The Ordo Amoris, U.S. Policy, and a History of Anti-Immigrant Nativism
by Emily Dumler-Winckler
Editor’s Note: This post is a part of a series of responses to Stephen Pope’s essay “Revisiting the Ordo Amoris: A Contemporary Interpretation of a Classic Christian Theme.” The series is curated by Alessandro Rovati, the Associate Editor of the Journal of Moral Theology.
Stephen Pope’s essay provides a characteristically lucid exposition of the ordo amoris in the tradition of Catholic moral theology. It is also a characteristically generous response to Vice President J.D. Vance’s efforts to use the ordo amoris to justify this administration’s “America First” policies. Pope provides an instructive corrective for the VP and others who have oversimplified or misunderstood the ordo amoris, ignoring “authoritative voices from [their] own Catholic tradition.” Because the ordo amoris is at the heart of the Christian moral life and because the concentric and hierarchical simplicity of Vance’s interpretation is ultimately misguided, Pope’s response is timely and imperative.
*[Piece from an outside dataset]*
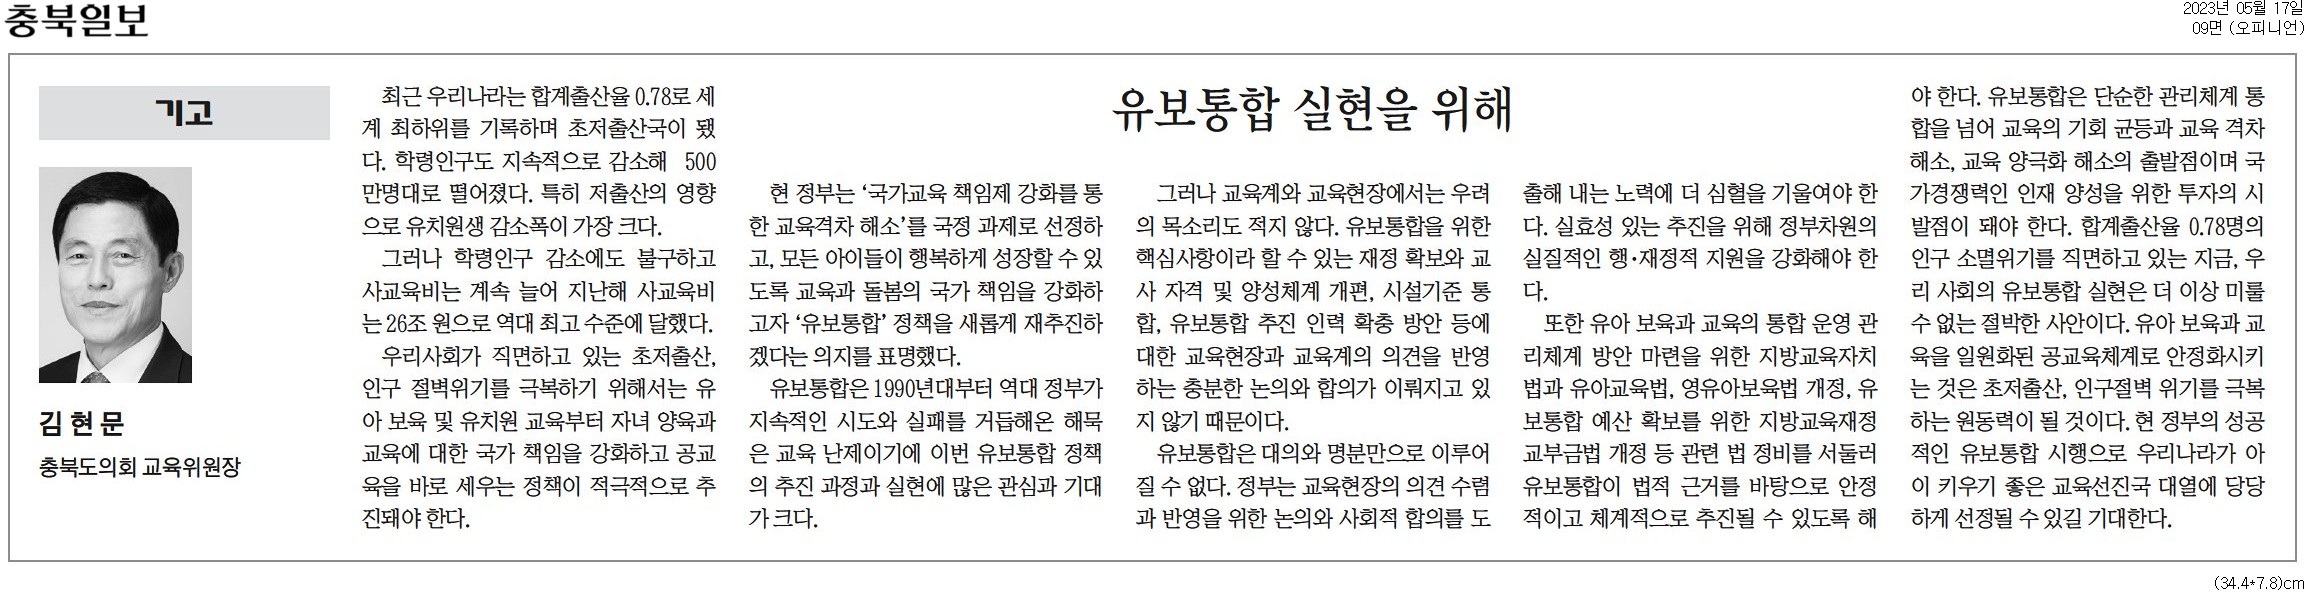 유보통합 실현을 위해 _김현문 의원(충북일보 230517) - 1

The ordo amoris or ordo caritas tradition, Pope suggests, entails a certain simplicity and complexity, but not of the sort that Vance envisions.
On the one hand, ordering our loves is a matter of exercising the virtue of caritas by loving God, self, others, and creation. On the other hand, what this entails with respect to family, neighbors, strangers, and specifically the poor, refugees, and immigrants requires ongoing discernment for Christians and Christian communities no less than for American policy makers. In short, I agree with the three central points of Pope’s essay: the Christian moral life is essentially a call to love God, God’s creation, neighbor, and self, to discern how to order our loves given our diverse roles, relations, histories, and social contexts, and to prioritize the needs of the poor and oppressed, both at home and abroad.
The implications of Pope’s essay for U.S. immigration policy seem to be the following.
First, because the ordo amoris is not simply a matter of expanding concentric circles, it does not justify, as Vance argues, a set of “America first” policies that neglect the needs of refugees, immigrants, or the global poor beyond U.S. borders. Second, the ordo amoris, rather, calls followers of Christ to pay special attention to the needs of fellow Christians, the poor, neighbors, and strangers at home and abroad. This does not settle the matter of precisely what U.S. immigration policy should be, but it does point to an alternative order of loves and priorities than those outlined by Vance and the current administration.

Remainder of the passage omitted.